Before Van had even an instant to register that something was going on, Asch could use his control of the fonon to force Van into a destructive hyperresonance the way that machine had. So Van could die the way Hod had, his own power turned to calamity.

It was the most logical, the most appropriate, the perfect way no matter how much they hated it.

Lorelei survived. For a few moments they thought that Lorelei would disperse, feeling Van die despite his efforts to protect him (bound by both Yulia's hymn and his own nature) the final failure that would make him decide that the fonon was better off with Luke as its lone sentience.

That Auldrant would be better off without the one who had failed to prevent the war that had ravaged it, whose best effort to preserve it had been such a nightmare.

"I want my daughter to have her family. All of them." As Luke had never had Van's love and now never could.

That was her name? Luke had named her daughter before she'd decided that child's gender… after the world? After what Luke fought to protect, after what Luke had been sealed away from in the manor, after… Everything?

"You don't like it?" The battle might be over, they might be back in their bodies but it wasn't over enough that they had pulled apart, that speaking this way didn't feel more natural, their minds weaving and embracing.

"No wonder you couldn't bear that I wanted to destroy her." She meant that much to Luke, and Asch had tried to destroy her as Van had her namesake. "It's a wonderful name."

"The new world." Lorelei, reaching back to them, to their child. "The world reborn, a new beginning." A tentative smile, a tentative happiness. "But can I be trusted with her?"

"I'm letting Asch touch her, aren't I? I'm a fragment of your soul, our soul, and I'm her mother.
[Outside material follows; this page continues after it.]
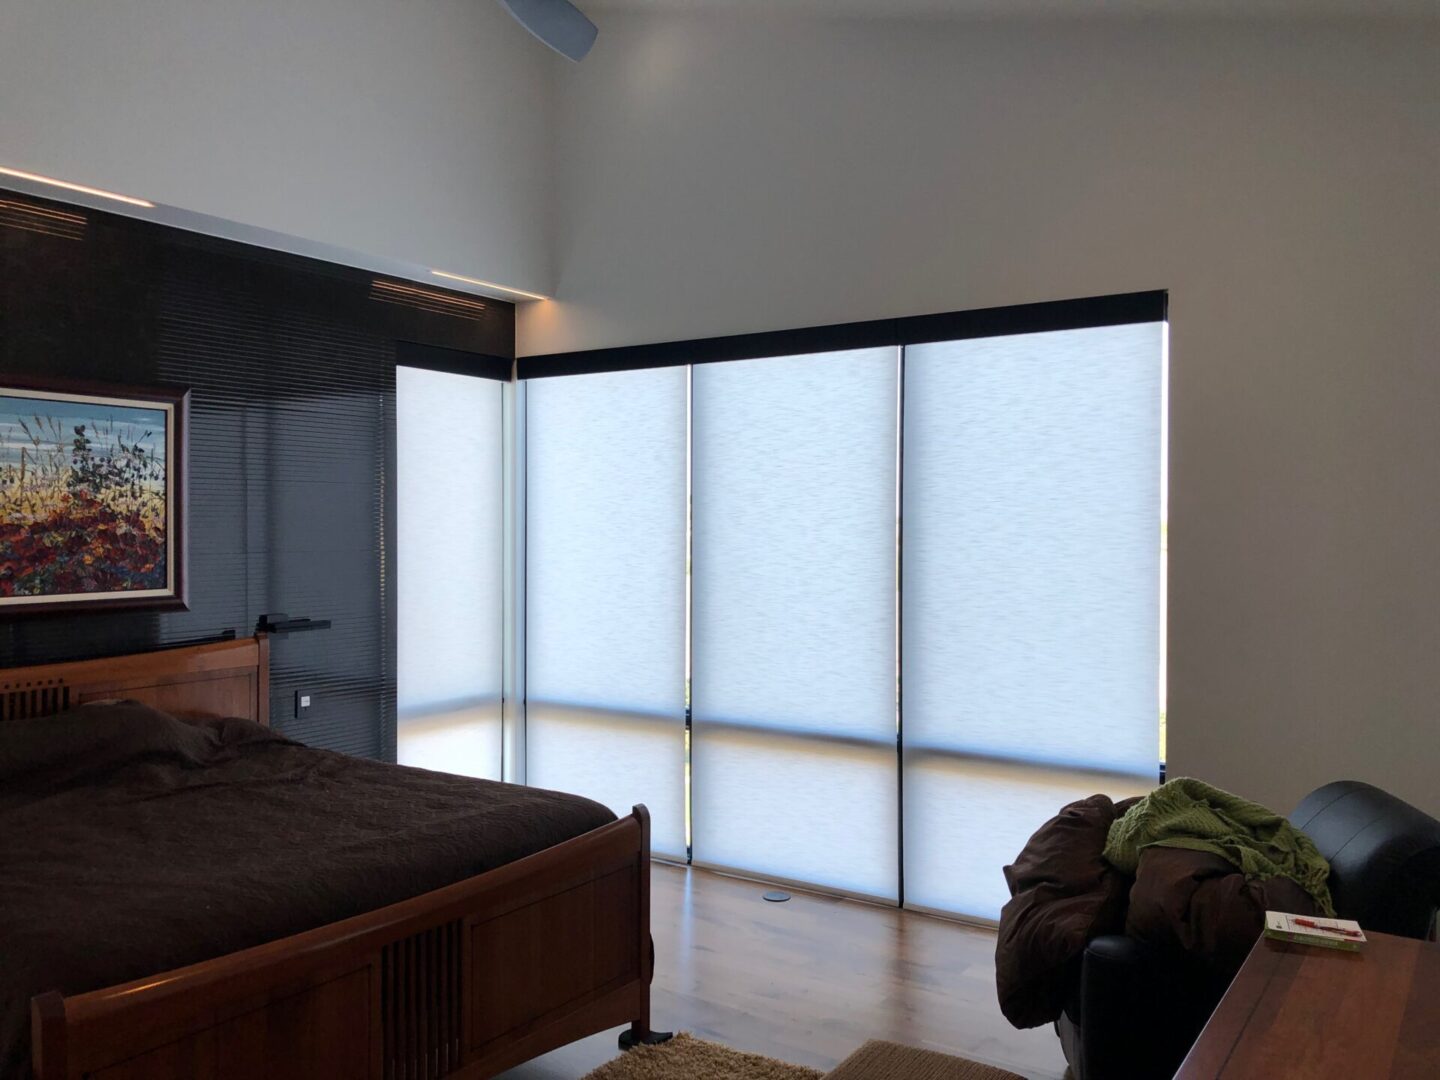 Image of shades inside a bedroom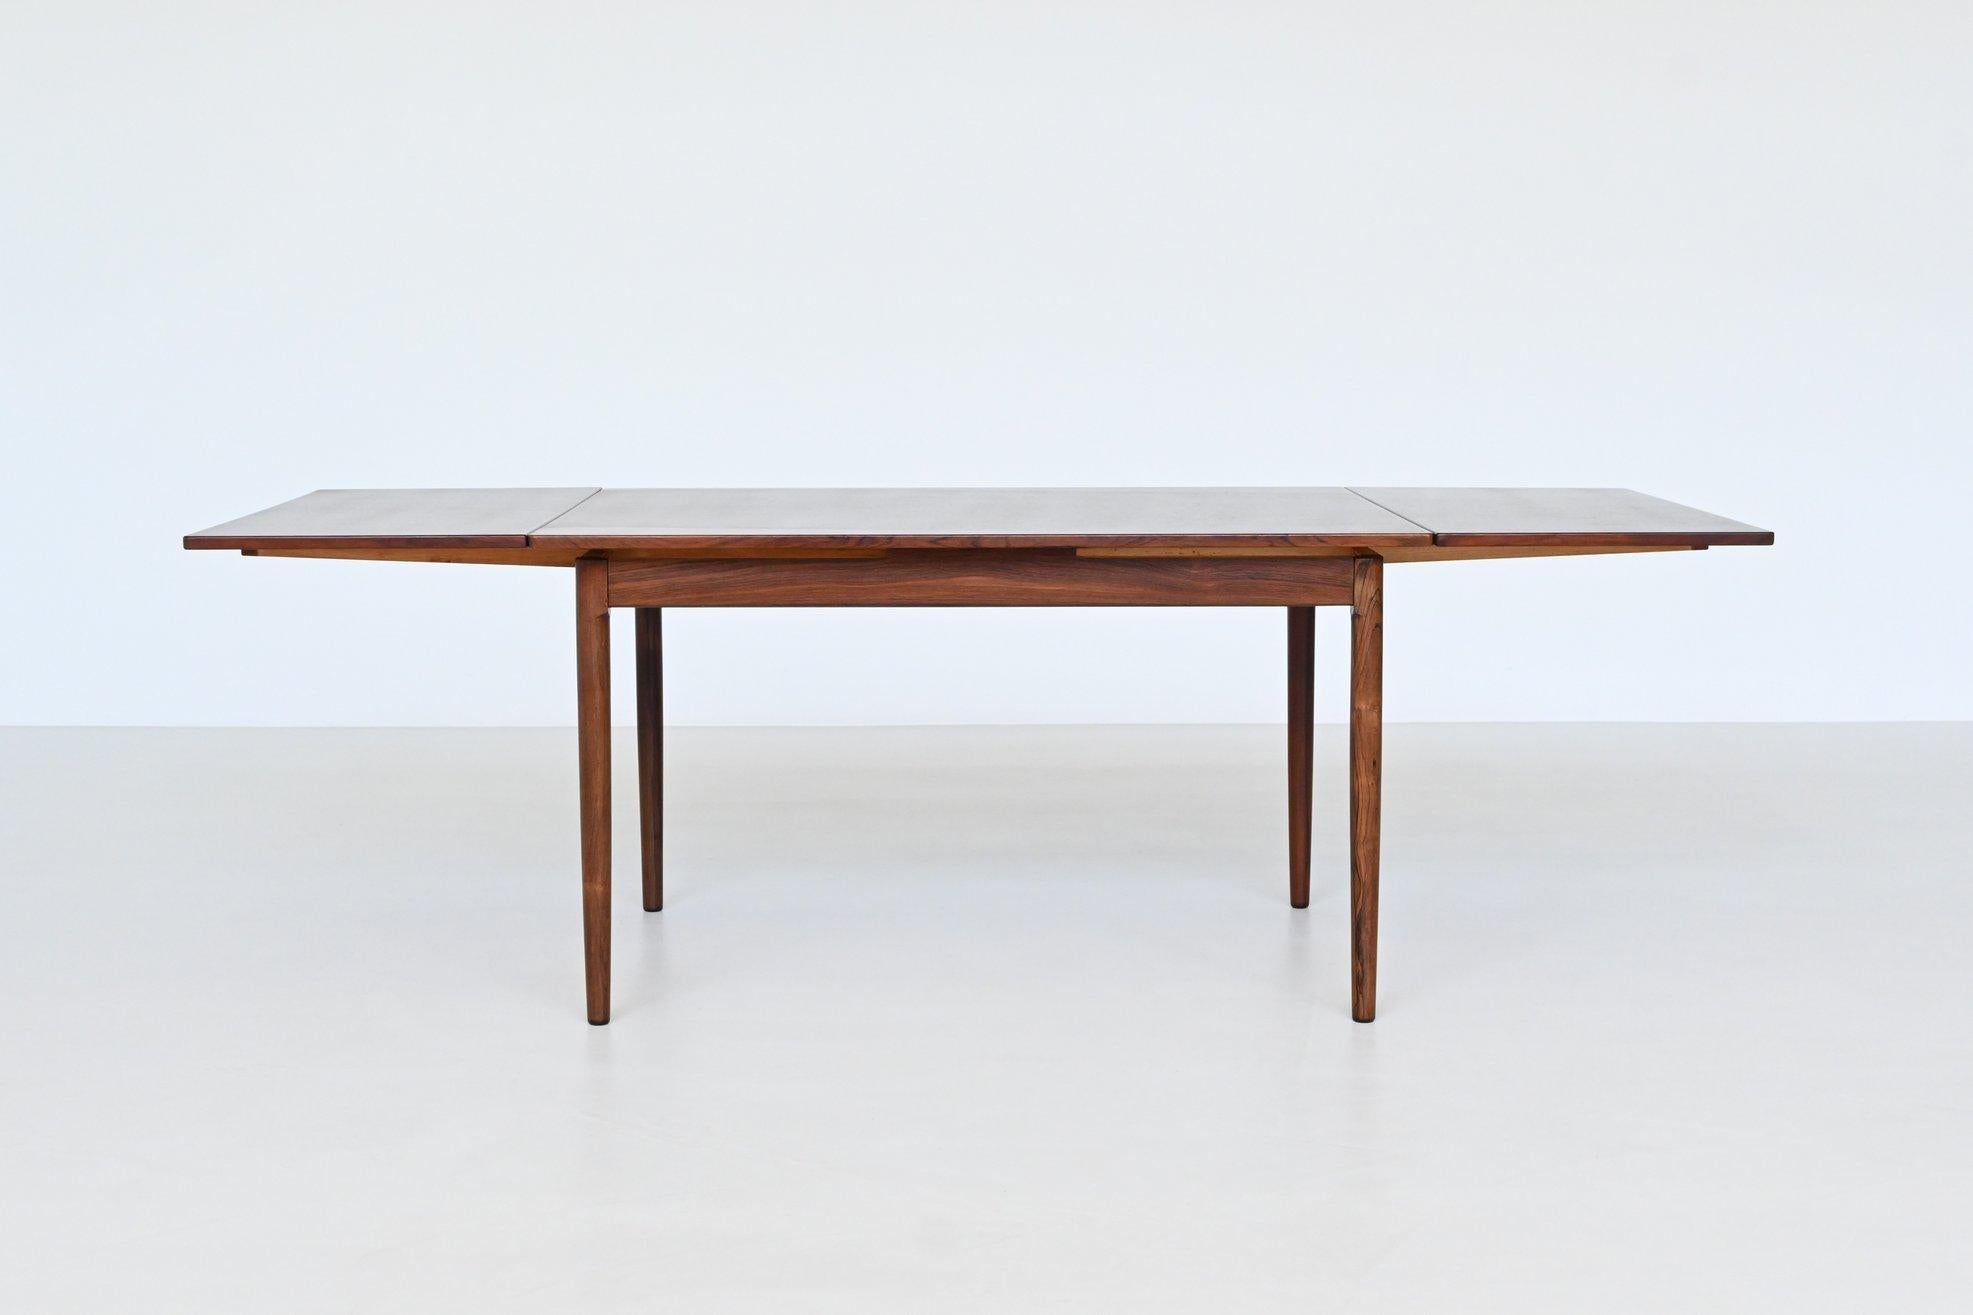 Beautiful oval shaped extendable dining table designed and manufactured by Randers Mobelfabrik, Denmark 1960. This well-crafted table is made of beautiful grained and warm rosewood. The tapered legs are made of solid rosewood and could be dismantled

You're her family. Maybe we won't be the best family, but you can't pick family." Thoughts of Van leaked from Luke a bit, but they couldn't see the contents. "So we'll all have to do our best for her. We won't let ourselves fail her, I won't. I didn't want to lose Van, but I had to. My daughter will have her family and they will love her for herself. We can't fix the past, but the future is unwritten now. We won't fail that future."

-

A/N: In his final battle Asch says that "It's not about logic!" which is tantamount to admitting that no, he's not sane at all at that point. The battle that he claims is to confirm his identity is really over nothing more than who Van loves more. Even up until the end, Asch never broke free of Van's control. After the end, of course, is another story.

The final battle here might seem anticlimactic, and that's because it is. The climax has already happened, Van is no longer the center of their lives, no longer someone that they should put themselves at risk to give a fair fight. If Luke had used his power more in the game... Luke is, as Lorelei says, Lorelei's equal and own self. Luke is god-mode, and very, very capable of doing any number of nasty things to Van. Instead he fights him as a human, in essence going easy on him, partially due to fear of his power after Akzeriuth, partly due to other issues, and mostly because he fundamentally is still centered around Van because he's a seven year old child and Van is his father/creator. It's not like the party steps up to the plate: they still think he's a teen in every sense but birthdate.

In this, however, Van is their past, they have another future that they value/love more, and I like big bads getting anticlimactic ends (did it in a Legacy of Kain fic), since they puff themselves up so and it's liberating to the characters for them to not matter anymore. It's not a satisfying end to Van, but the issue is that he never satisfied the needs he manipulated them into investing in him, and so doesn't deserve a satisfying end. He deserves to be 'handled' in the way most advantageous to Asch, Luke, and their own needs and priorities.